彼女眠ってるみたいだった……すぐに飛び起きて、また笑ってくれそうな気さえした。


41 :名も無きAAのようです :2013/01/11(金) 23:55:26 ID:EO7PShp.0


彼女を身綺麗にしたら、少しずつ気持ちが落ち着いていくのが、自分でもよくわかった。
そしたらさ、また、猛烈に腹が減りだしたをんだ。

急いで彼女をベッドへ寝かせて、毛布をかけてやった後、冷蔵庫に駆け込んだよ。

(;・∀・)「何か……何か食べないと……」

目の前の景色がぐるぐる回ってた。

こんなこと、一度もなかったのに、腹が減って、腹が減って、死にそうなんだ。

:( ;° ∀ ° )つ:「あっ……」

冷蔵庫に伸ばした指先が細かく震えてたよ。
何度も何度も手を伸ばすんだけど、手は空を切ってた。
早く食いたい一心で、……というか死に物狂いだったかな。冷蔵庫のハンドルを掴んだよ。
けどさ、俺馬鹿だから忘れてたんだ。
自分が今日、何でクラブに行ったのかなんて。

( ;° ∀ ° )「空っ……」

そこに食べ物なんて、

( ;° ∀ ° )「空っぽだ……」

ないのにさ。


42 :名も無きAAのようです :2013/01/12(土) 00:09:07 ID:Bb8VDYD.0


ミセリのことで頭がいっぱいだったんだ。
街の中心の方に、大きなグロッサリーストアがあるだろ?
あそこまで買い物に行くのが面倒くさくて、隣町のクラブまで出掛けたのに。重要なことに限って、すぐ忘れちまうんだ。

以前俺はパニックのまま。いや、冷蔵庫に何にも入ってないってわかって、一層混乱してた。

( ・∀・)「どうしよう……」

( ・∀・)「どうしよう、どうしよう、どうしょう……」

( ・∀・)「どうしよう、どうしたらいい?」

( ・∀・)「落ち着け、落ち着かなくちゃ……」

もう自分の頭を何回も殴ってさ、今思い出すと、頭がおかしくなってたのかもな。
ミセリのことなんか頭の片隅から、綺麗さっぱりなくなってたよ。現金なもんだろ?


43 :名も無きAAのようです :2013/01/12(土) 00:14:53 ID:Bb8VDYD.0


うん、刑事さんのお察しの通りだよ。







( ・∀・)「なーんだ」


ミセリを


( ・∀・)「ここにあるじゃないか」


切り刻んで



            ミセ*-ー-)リ



食べたんだ。


48 :名も無きAAのようです :2013/01/12(土) 19:25:22 ID:Cqb22T3o0


ふふふっ。

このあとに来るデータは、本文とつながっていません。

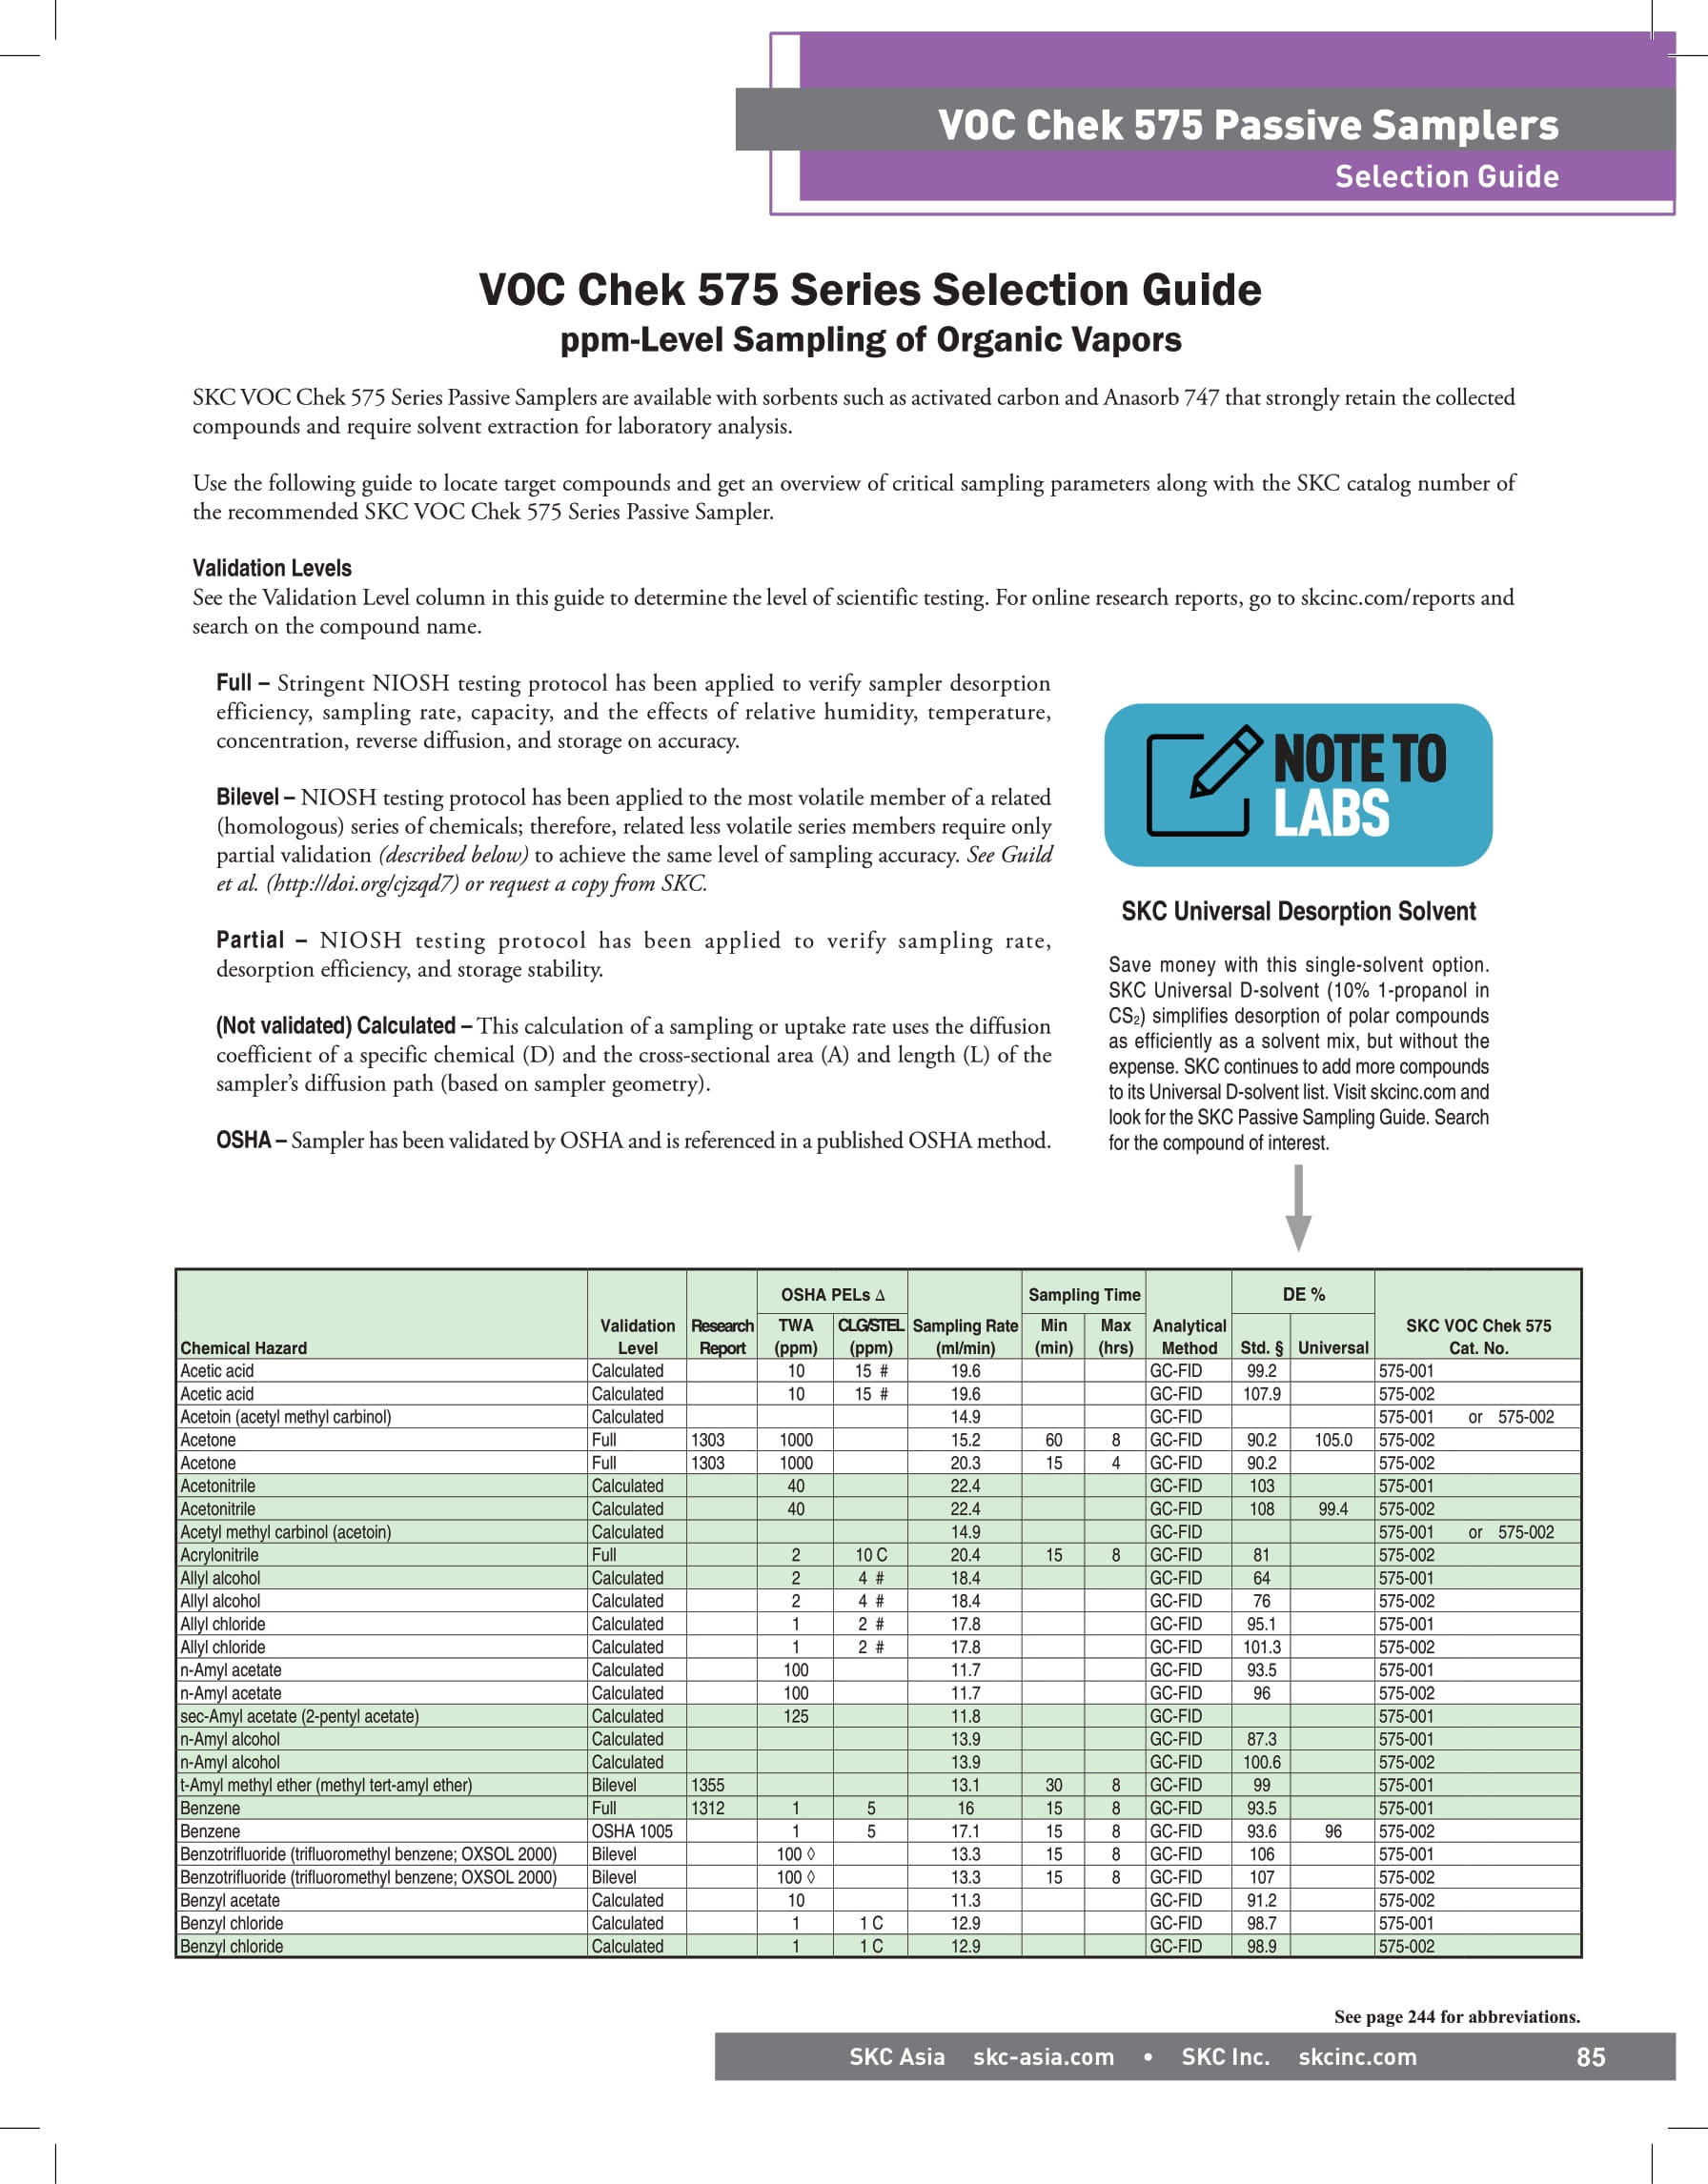 VOC 575 Selection Guide

俺、多分本当に焦ってたんだろうな。
まだ身体がふらふらして、上手く立てないのに、何度も立ち上がろうとしてさ。
四回目くらいかな?顔面を強打したんだ。鼻が折れてないのが不思議なくらいだよ。

まあ、いくら俺が馬鹿でもさ、かなり痛かったから諦めて、這いずるみたいな感じ?……何て言ったら良いのかな、そう、ほふく前進!それでベッドまでたどり着いたんだ。

ちょうど目の前に、ミセリの太腿があったなぁ。
美味そうでさ、口の中から唾がさぁーって、湧いた。
産毛もほとんど生えてないんだ、ツルツル。俺、堪らなくなって、太腿に思い切り噛みついた。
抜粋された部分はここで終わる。